Filter to the treadmill window (post-Ch217-pass-0). The
last write to `$v0` BEFORE PC=`0xBFC52350` is the producer
we want to identify. Slightly more surgical than (A) but
needs more wiring.
**(C) Trace back from the function entry.** The function
containing `0xBFC52350` has an entry point somewhere
earlier — usually preceded by a JR/JALR/J that crossed into
it. Reading the BIOS dump near `0xBFC52340` and walking
backward to find the prologue (`addiu $sp,$sp,-N; sw $ra,...`)
identifies the function bounds; then Ch269 can autopsy the
whole function.
(A) is the highest-EV. If the predecessor block contains a
load, that's the gate. If it contains only register-to-register
moves, we need (B) or (C) to trace back further. Either way,
the search has narrowed dramatically — the gate is now a
well-bounded "find what set $v0 before 0xBFC52350" question.
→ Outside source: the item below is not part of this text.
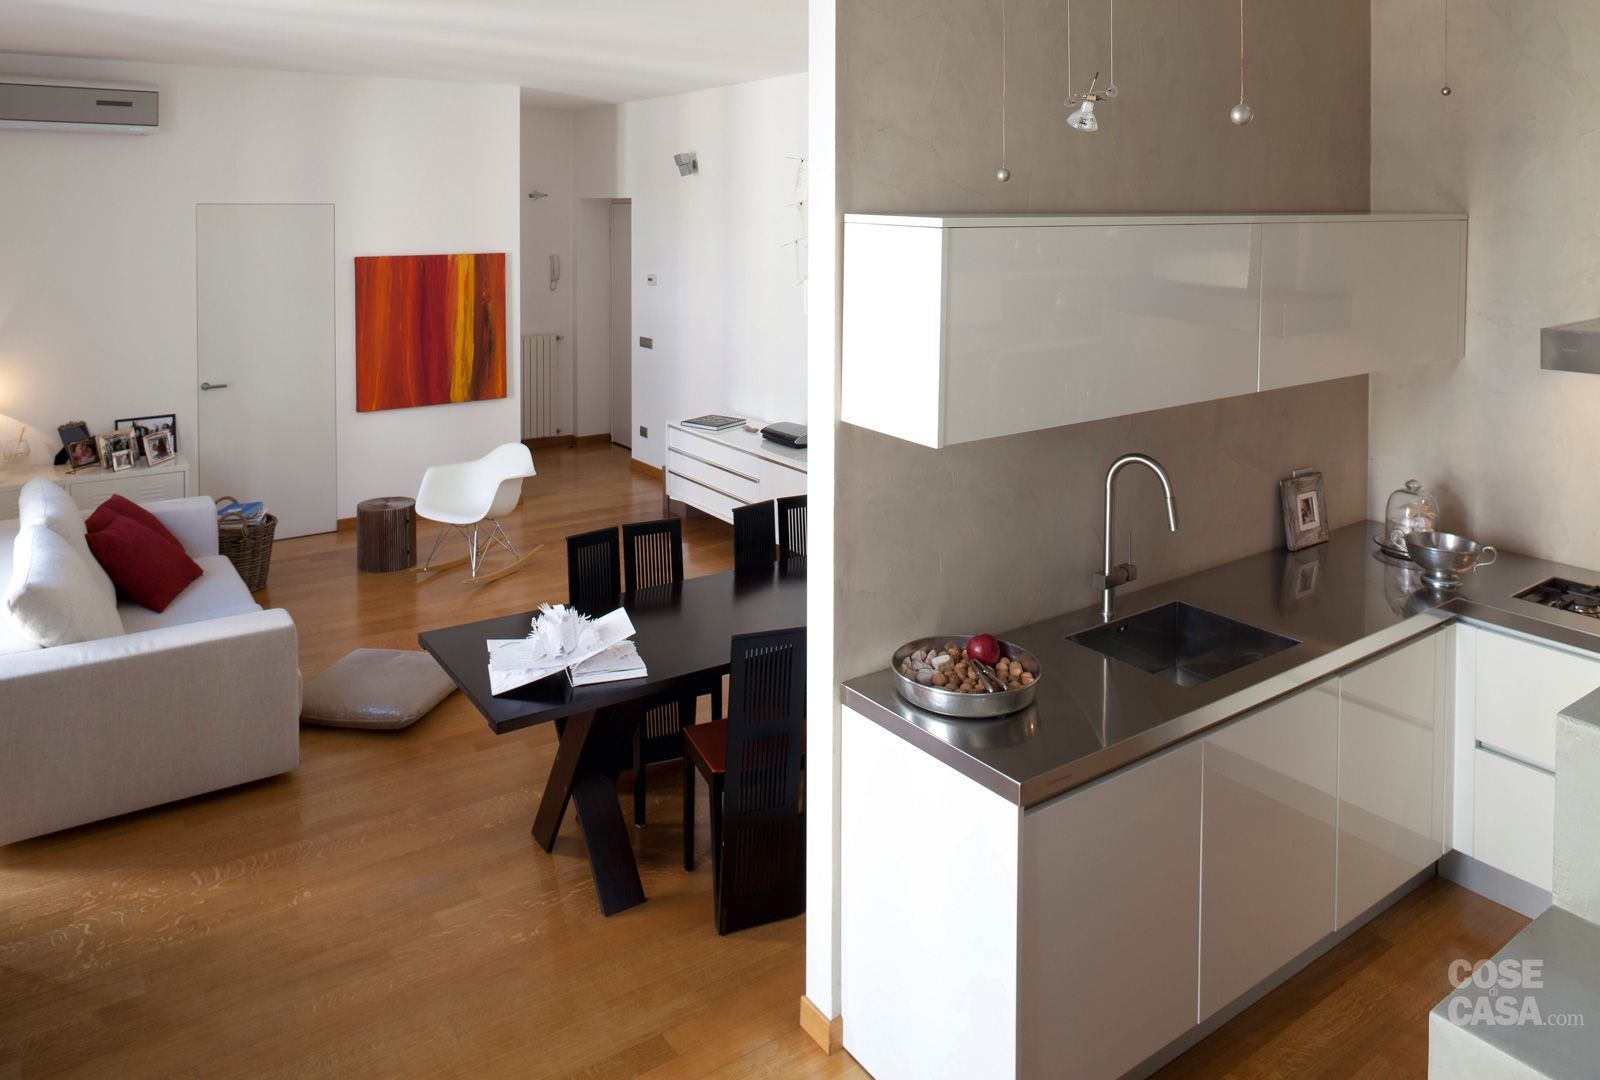 Sala Cucina 25 Mq una casa da copiare: 10 idee tra spunti d'arredo e decor

**Standing by for Codex's Ch269 call.**
One subtle note: the BEQ is testing `$v0 == 0`. If we ever
find the producer and want to perturb it, setting `$v0 = 0`
between passes (e.g. by writing 0 to whatever memory the
producer reads) should break the treadmill. That's a clean
hypothesis test.
## Regression
Full regression: 157 / 157 with the new target off by default
(`CH268_OUTER_READ_AUTOPSY` undefined for routine builds).